Preliminary and Definitive Issue
6. Both legal representatives start by seeking to address me on a preliminary point that they have considered. It is put to me that there is an error in the Grounds of Appeal on the basis that the appeal was brought under Appendix FM of the Immigration Rules and it should have been brought under the Immigration Directorate Instructions Family Migration Guidelines.
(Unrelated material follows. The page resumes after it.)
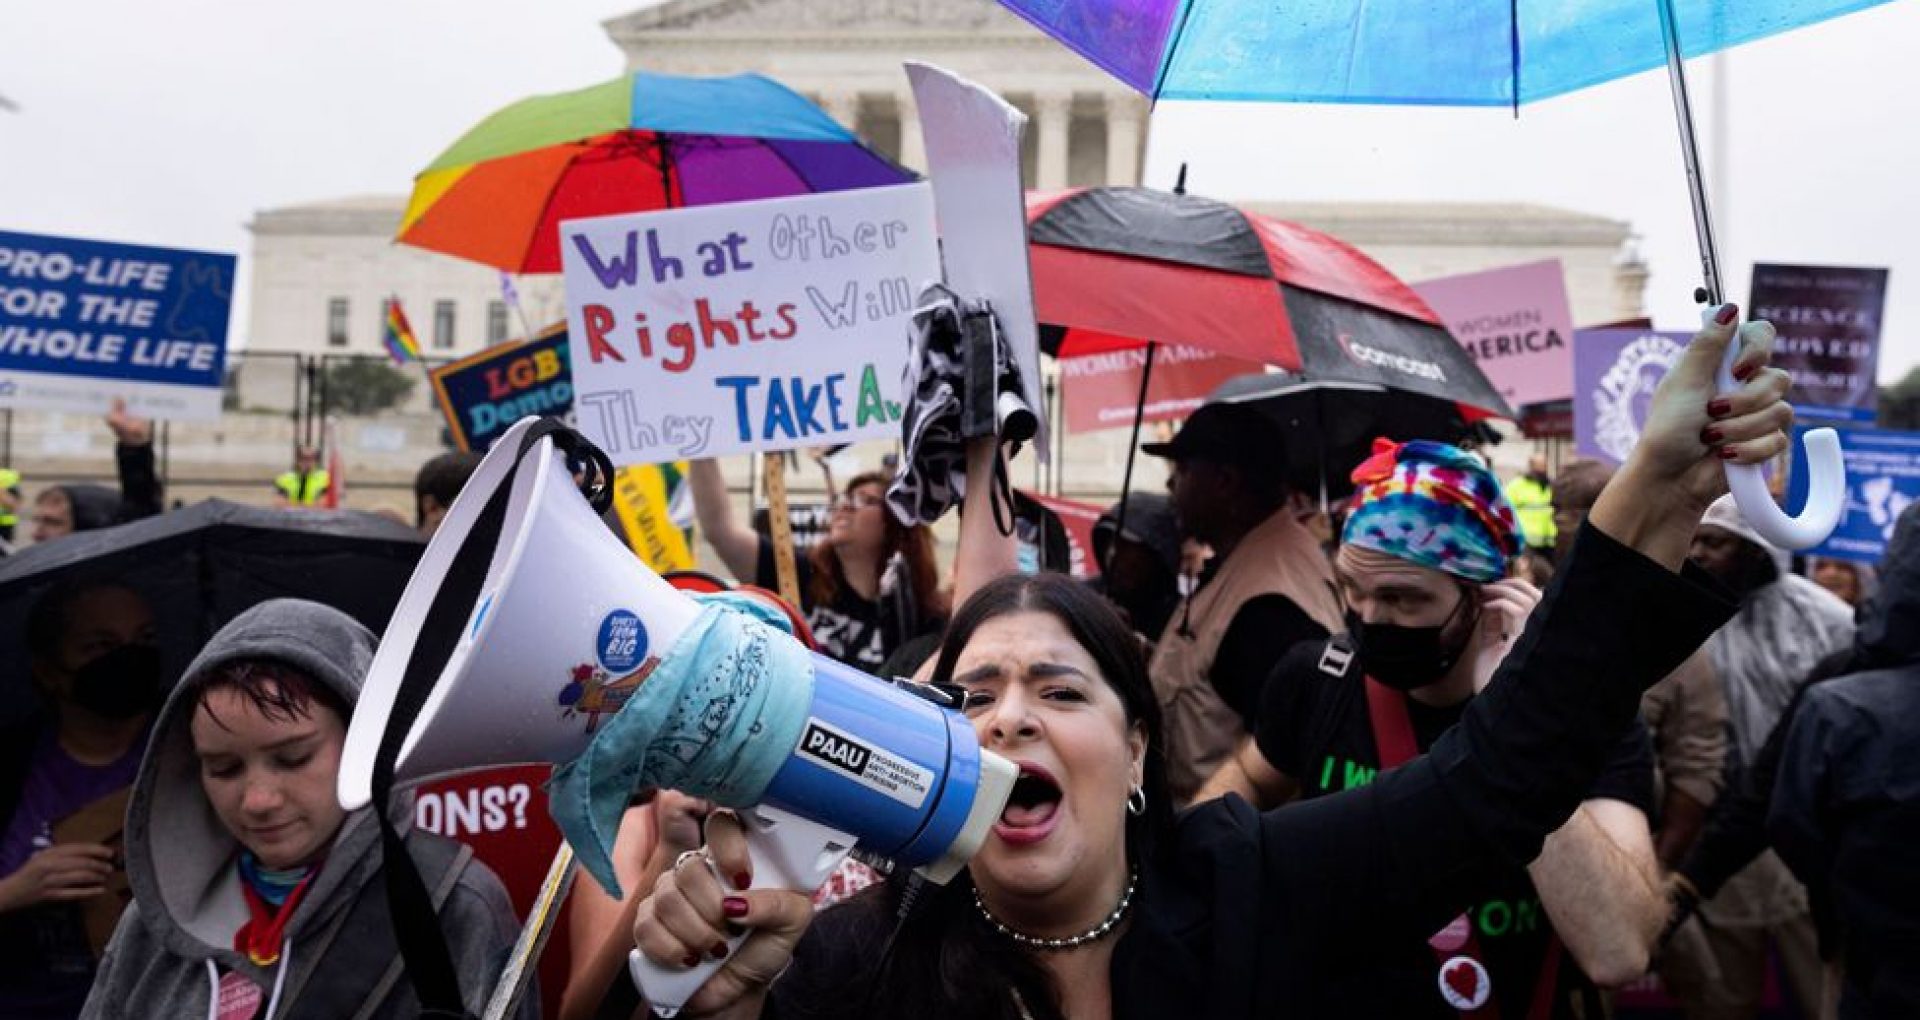 Curtea Supremă a anulat dreptul constituțional la avort în SUA. S-au organizat zeci de proteste împotriva deciziei
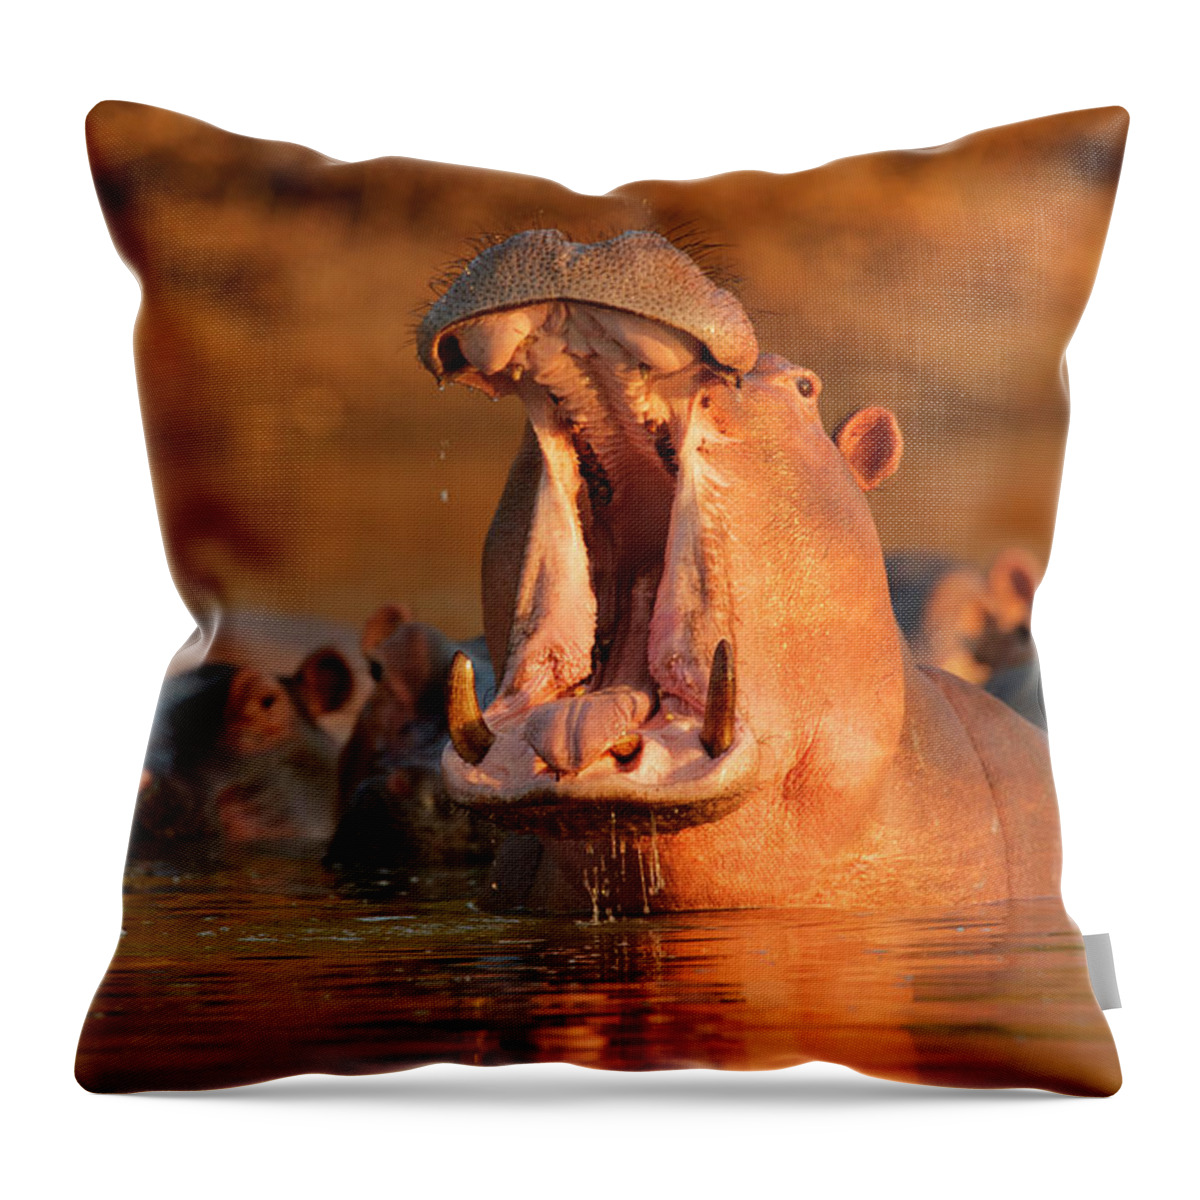 Hippopotamus Throw Pillow featuring the photograph Hippopotamus Hippopotamus Amphibius by David Fettes

I am specifically referred to paragraph 3.3.1 therein headed "Individuals Granted Discretionary Leave before 9th July 2012". The guidelines therein set out:
Applicants who were granted leave under the discretionary leave policy before 9th July 2012 will continue to be considered under that policy through to settlement provided they continue to qualify for leave and their circumstances have not changed. (Normally the person can apply for settlement after accruing six years' continuous Discretionary Leave, unless Discretionary Leave has been granted because the individual is excluded from a grant of asylum or humanitarian protection, in which case ten years' leave is usually required.)
7. It is pointed out to me by Mr Timpson that leave in this instant case was granted in May 2012 when the Appellant was acknowledged as a minor and a further application should be considered under the policy and not the Rules and therefore the application at first instance should never have been considered under Appendix FM. Mr McVeety agrees and endorses this.
Findings and Decision
8. The error in this matter stems from the original consideration of the application and Notice of Refusal by the Secretary of State rather than due to any error of the Immigration Judge on the issues that were put before him. The error is in the Respondent's decision and hence the judge's decision. It is not appropriate therefore for me to proceed to consider the suggested errors of law in the First-tier Tribunal Judge's determination. This matter has been wrongly addressed at first instance by the Secretary of State.
9. I am satisfied consequently that there is a material error of law and the decision is fundamentally flawed albeit that that is through no fault of the Immigration Judge. In such circumstances I set aside the decision of the First-tier Tribunal and I remit the application for fresh consideration by the Secretary of State under the Immigration Directorate Instructions for Family Migration - Chapter 8 Transitional Provisions.
10. The First-tier Tribunal did not make an order pursuant to Rule 13 of the Tribunal Procedure (First-tier Tribunal) (Immigration and Asylum Chamber) Rules 2014. No application is made to vary that order and none is made.



Signed Date 27th January 2015

Deputy Upper Tribunal Judge D N Harris




TO THE RESPONDENT
FEE AWARD

No fee order is applied for and no order is made.